American Exceptionalism Proves to Be Political Fantasy

America's exceptionalism underwent one of its biggest boom-and-bust cycles during the past eight years under now former President George W. Bush. The election of its first black President, Barack Obama, is a testimony to America in reflection of this ideology having gone bust. Now renowned professor Donald E. Pease, who teaches English at Dartmouth College, comes out with a tome devoted to further analyses of that trend in his book, ``The New American Exceptionalism.'' During an interview with professor John Eperjesi, a professor at Kyung Hee University, Pease claims exceptionalism was a state-sponsored fantasy that policymakers relied on to justify the unjustifiable. The following are excerpts of that interview. ― ED.

John Eperjesi :

In the movie The Dark Knight (2008), the Joker triggers a state of emergency that forces Batman to go outside the law, to make an exception, in order to save the people of Gotham. This seems like a fitting allegory for George Bush's war on terror. In New American Exceptionalism, you provide a narrative of transition in the rhetoric of American exceptionalism from the Cold War through the Bush administration's global war on terror. How do you understand this transition?

Dr. Pease:

In my new book I describe American exceptionalism as the encompassing and trans-historical state fantasy that provided policymakers with the spectacular terrain in which they authorized their policies. In the absence of any guarantees other than its monopoly of violence, the state relied on this fantasy to solicit the citizenry's belief in the legitimacy of policies that it could not ultimately justify. The fantasy of American exceptionalism was undergirded by the citizenry's contradictory beliefs in the moral exemplarity of the nation's civic ideals as well as in the exceptional military force through which the state propagated them. These contradictory aspects composed the Janus-face of American exceptionalism.

Eperjesi:

You elaborate on a crucial difference between the National Security State and the Homeland Security State. What is the difference?

Pease:

The Homeland Security State President George W. Bush inaugurated at the inception of the ``Global War on Terror'' introduced a version of American exceptionalism that simply eliminated the facet of moral exemplarity through which the state had justified its use of exceptional military force throughout the Cold War. President Bush produced an exception to the rules that U.S. citizens had considered the norm in order to establish a new regime of governance. Bush's Homeland Security State differed from the National Security State in that it supplanted the nation's exemplary civic ideals with a permanent State of Exception.
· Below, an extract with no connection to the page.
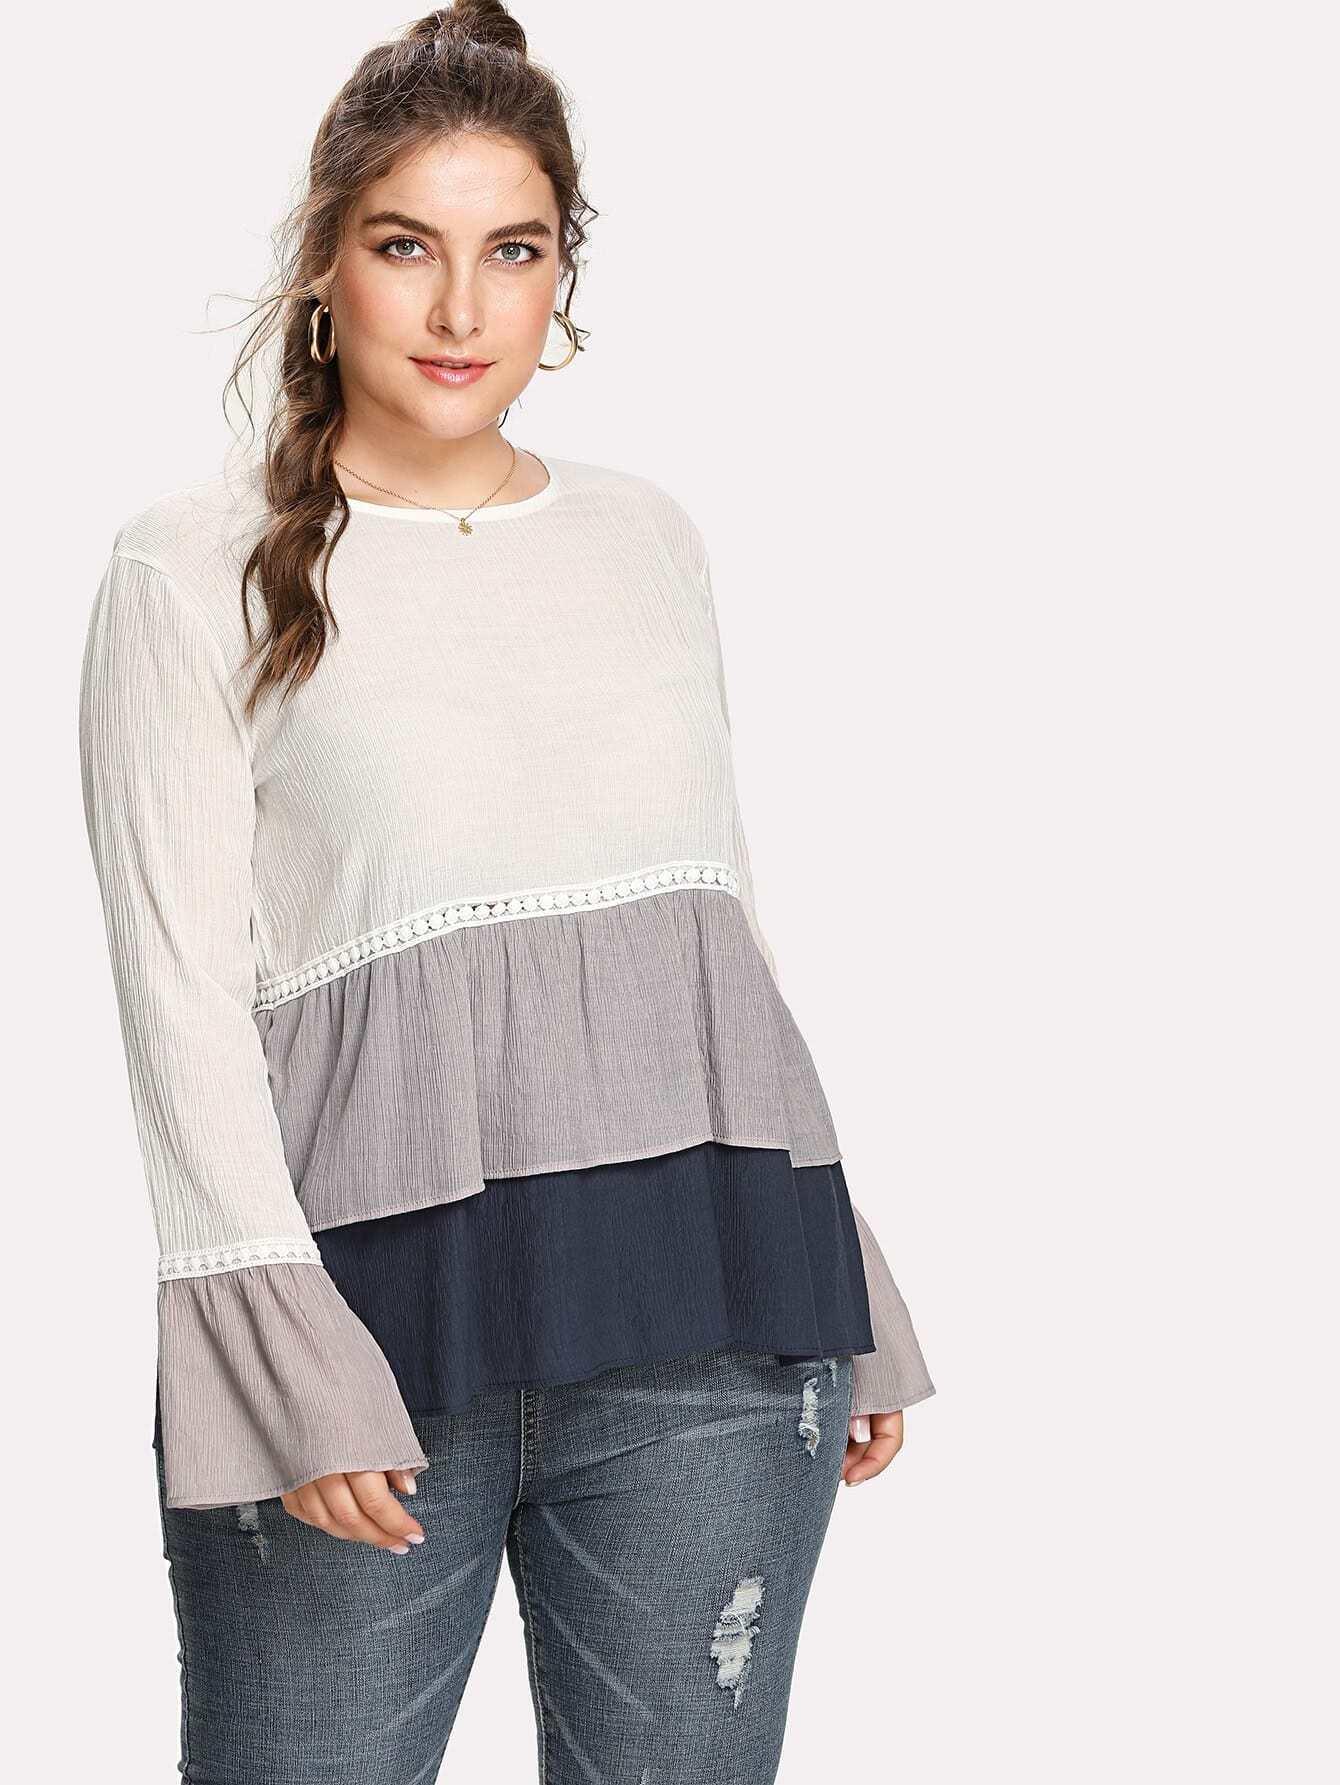 Contrast Lace Layered Ruffle Hem Top

With the passage of the USA Patriot Act, the erection of the detainee center at Guantanamo Bay, and the declaration of its pre-emptive strike policy, President Bush radically abridged the citizenry's rights and liberties in the name of protecting them from bio-terrorist attack rather than an alien ideology. Bush's Global War on Terror represented America as ``the Exception'' to the laws of nations that was alone endowed with the military dominance required to enforce the rule of law across the planet.

How has President Barack Obama dealt with the issue of American exceptionalism?
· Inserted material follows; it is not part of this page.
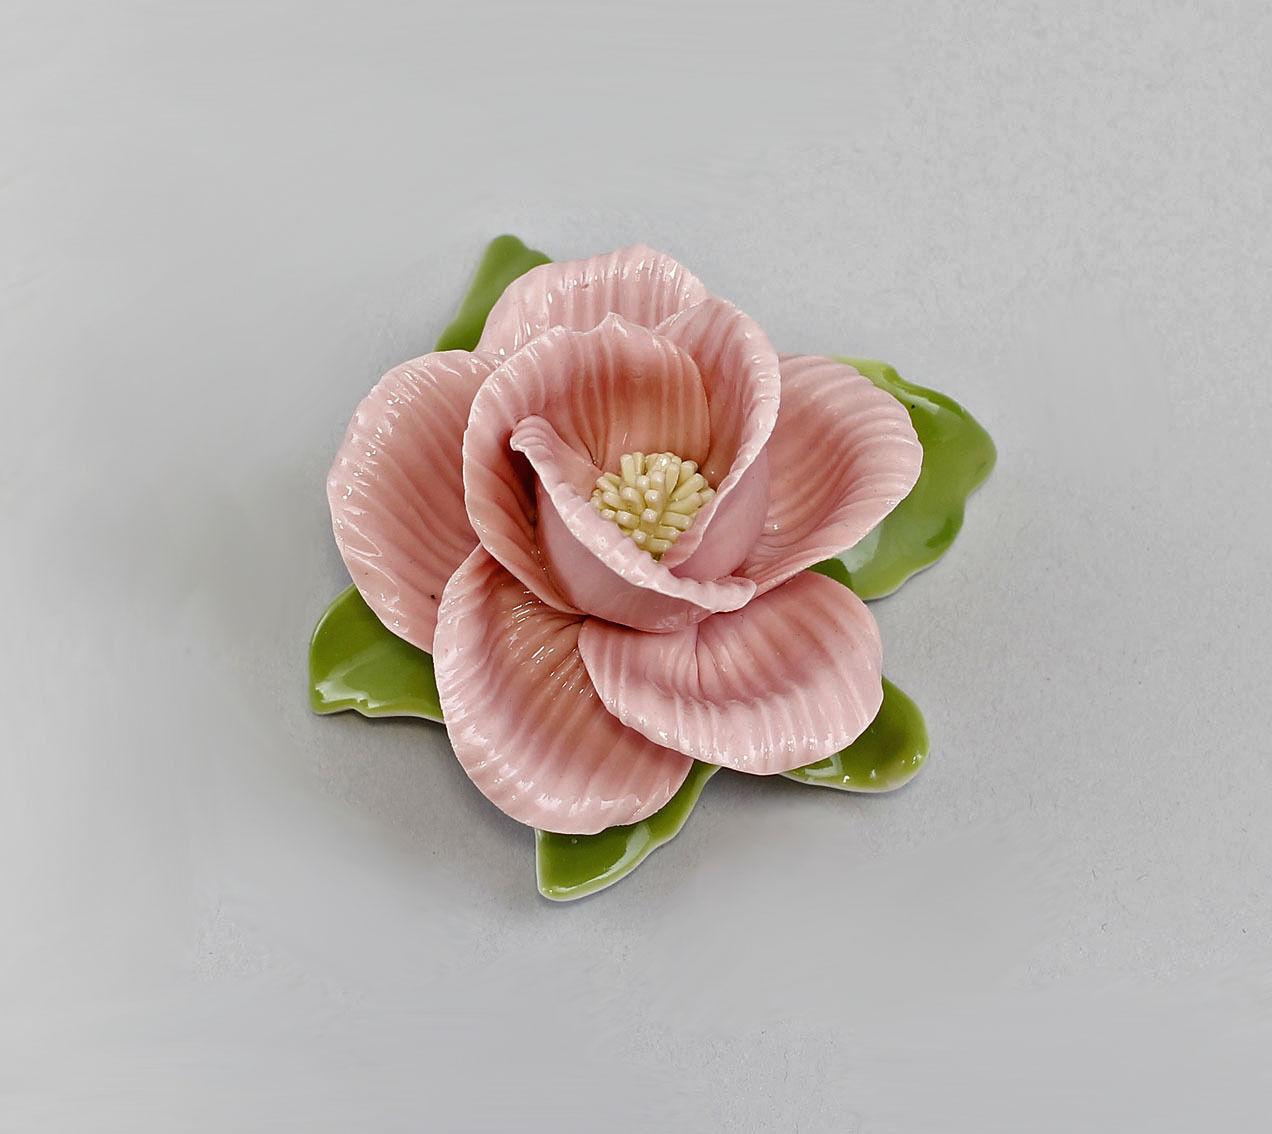 handmade  Table Rose Wild Rose Kämmer-Porcelain H4CM a3-44130

Obama's presidential campaign was based upon the reaffirmation of a version of American exceptionalism (``Where else but in America could a man with my story aspire to become President?'') that Bush's State of Exception had supplanted. In resuscitating the image of America as a morally exemplary nation, Barack Obama effectively replaced Bush's State of Exception with the ``good'' morally exemplary face of American exceptionalism. Obama's retrieval of the fantasy of America as a model of civic nationalism obliged him to criticize Bush's Global War on Terror, the detainment center at Guantanamo Bay and the pre-emptive strike policy as inter-related abrogations of American norms and ideals.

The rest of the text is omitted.